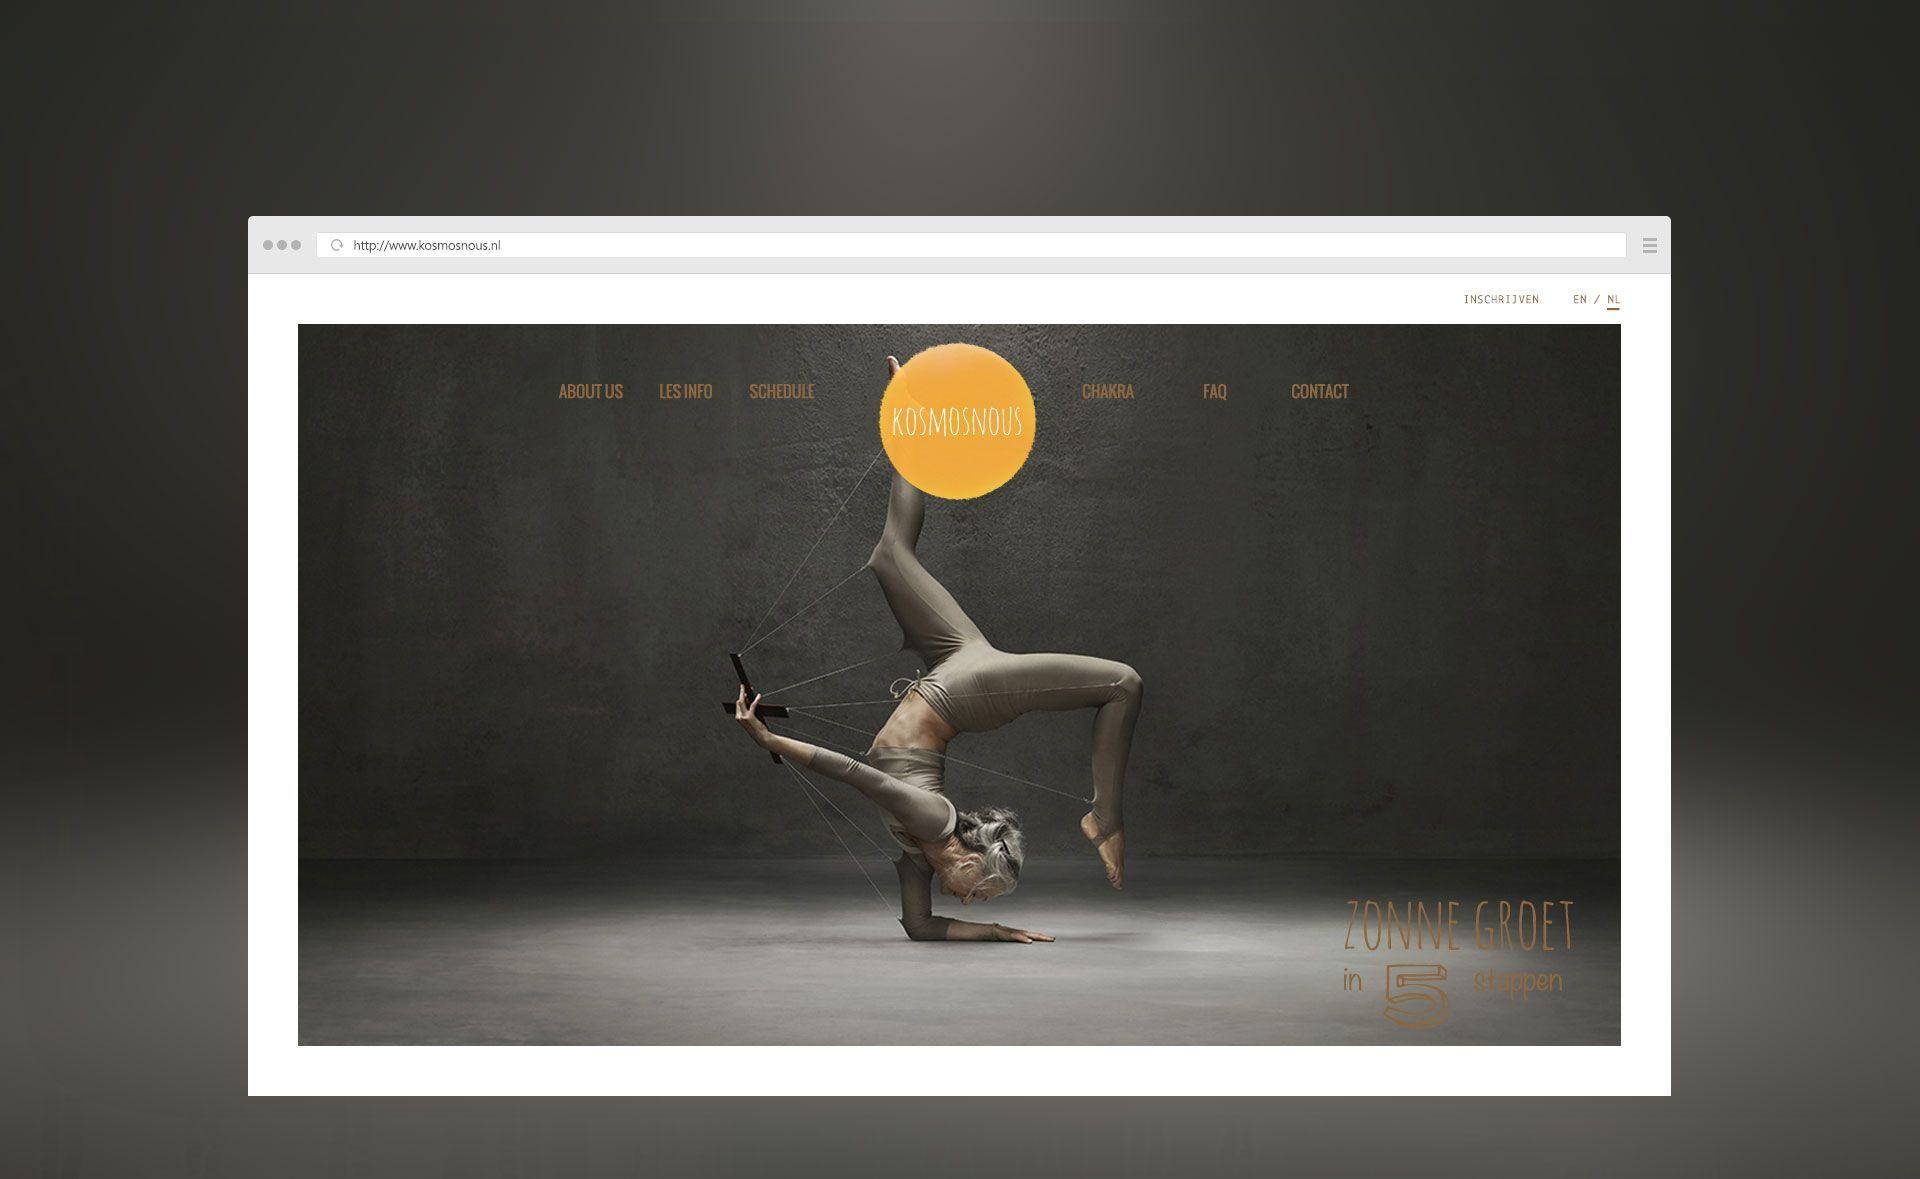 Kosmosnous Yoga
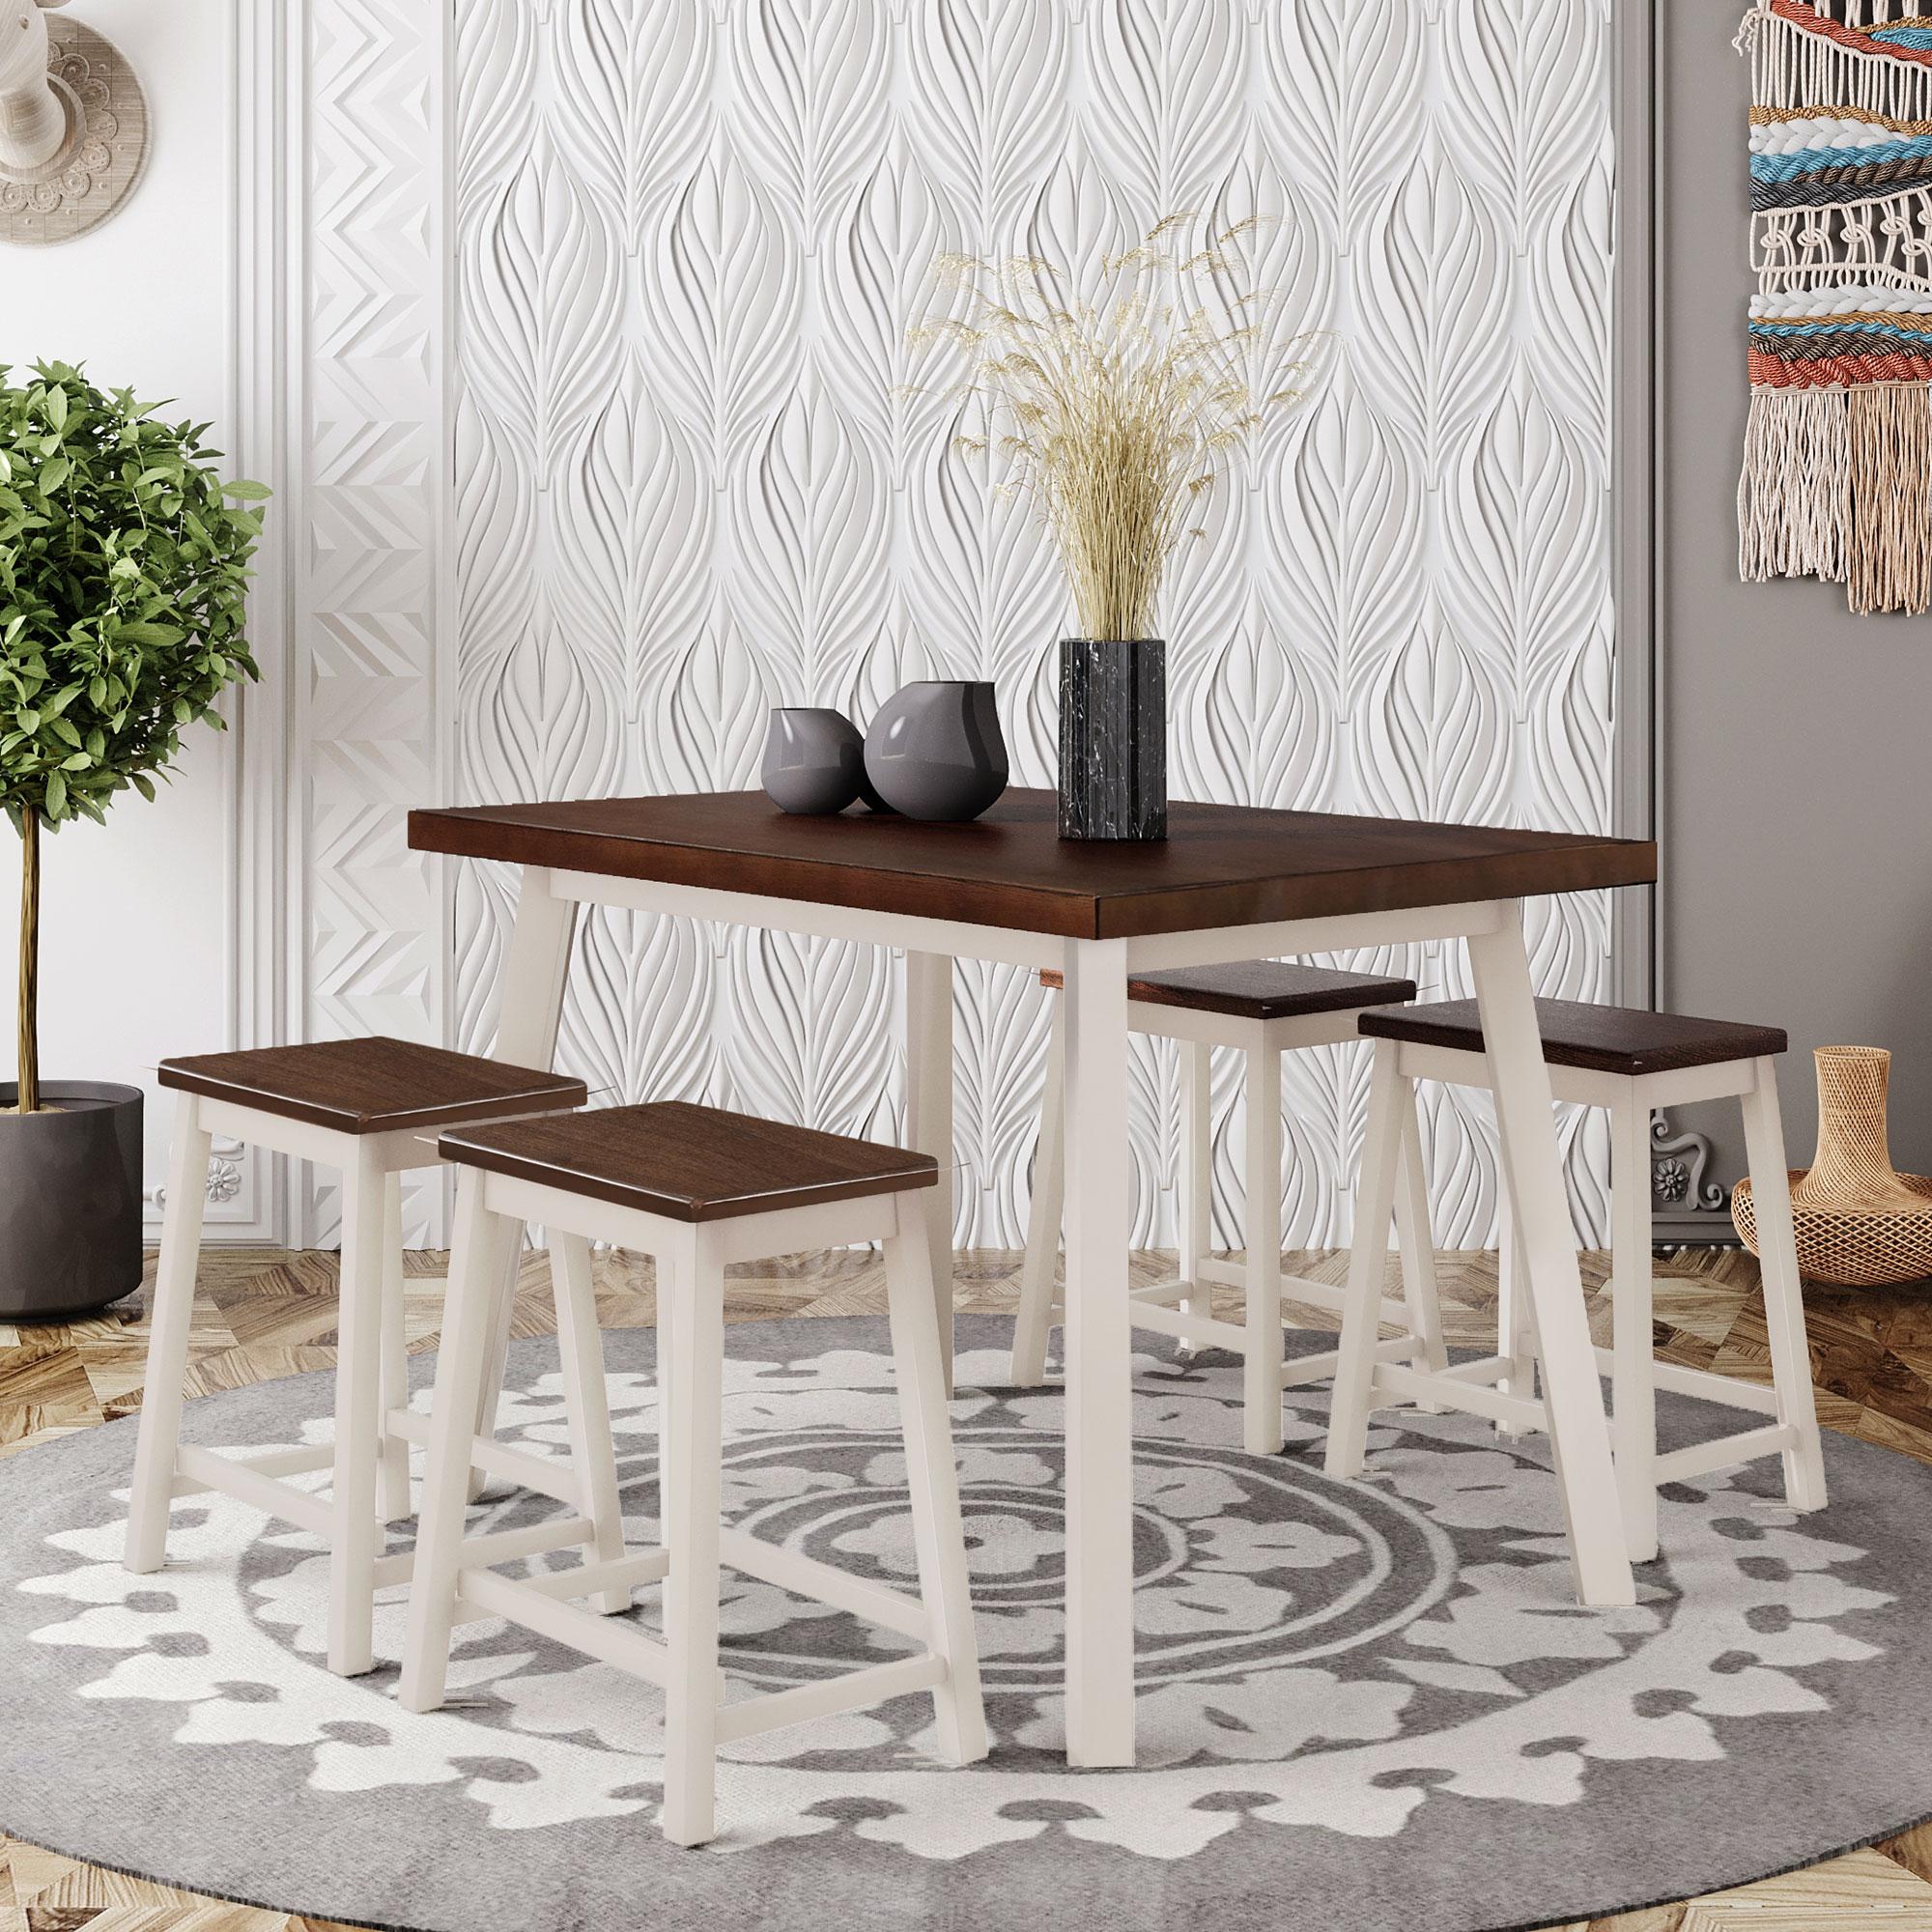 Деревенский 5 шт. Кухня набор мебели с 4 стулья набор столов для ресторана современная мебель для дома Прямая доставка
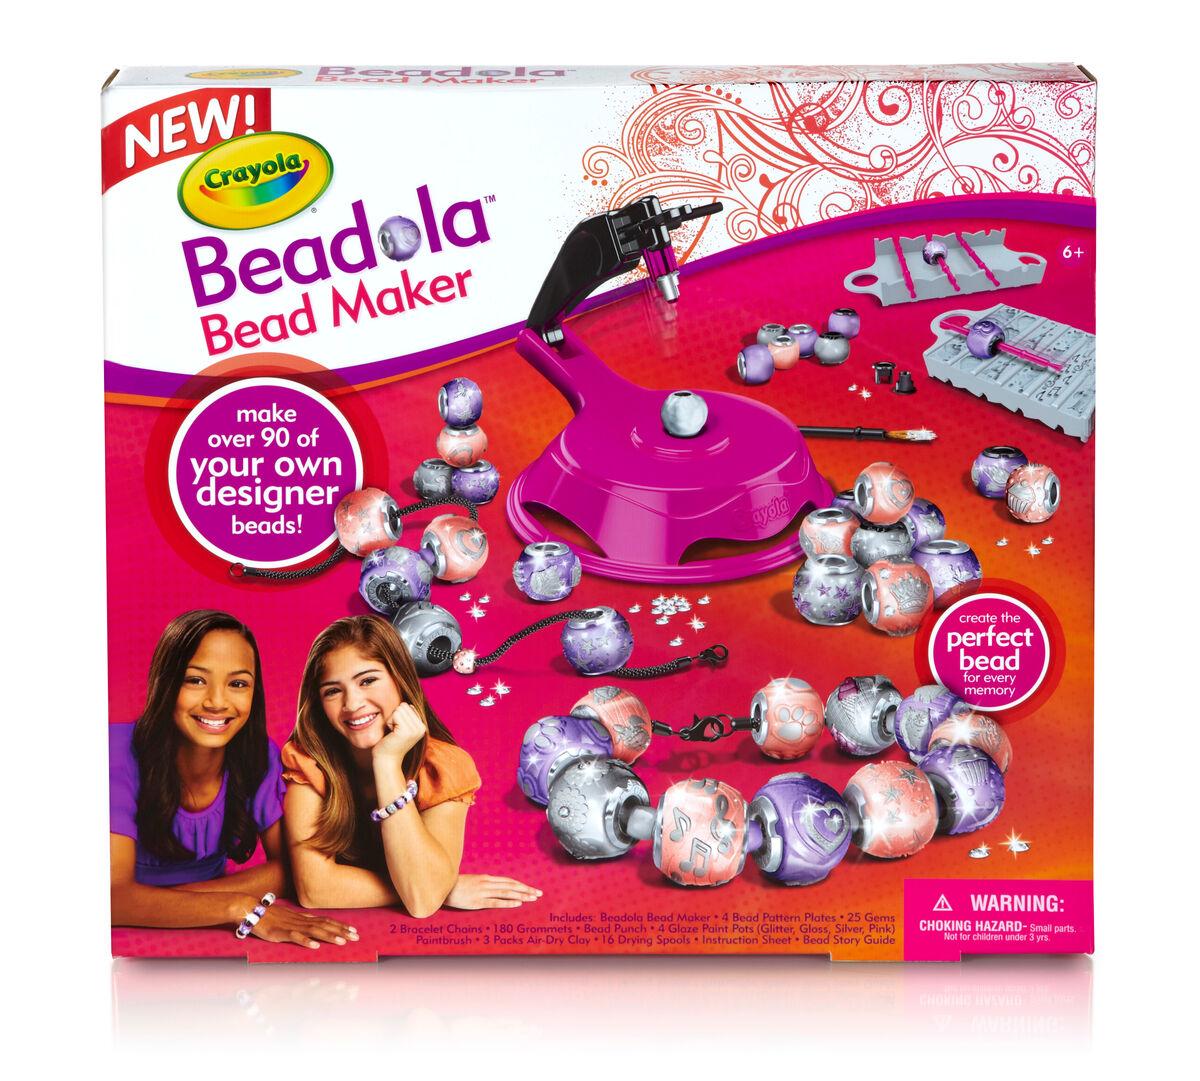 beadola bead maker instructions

----

* What to do *
Your copy should match the listing exactly, apart from the pictures it leaves out.

* Answer to the exercise *
 Kosmosnous Yoga
 Деревенский 5 шт. Кухня набор мебели с 4 стулья набор столов для ресторана современная мебель для дома Прямая доставка
 beadola bead maker instructions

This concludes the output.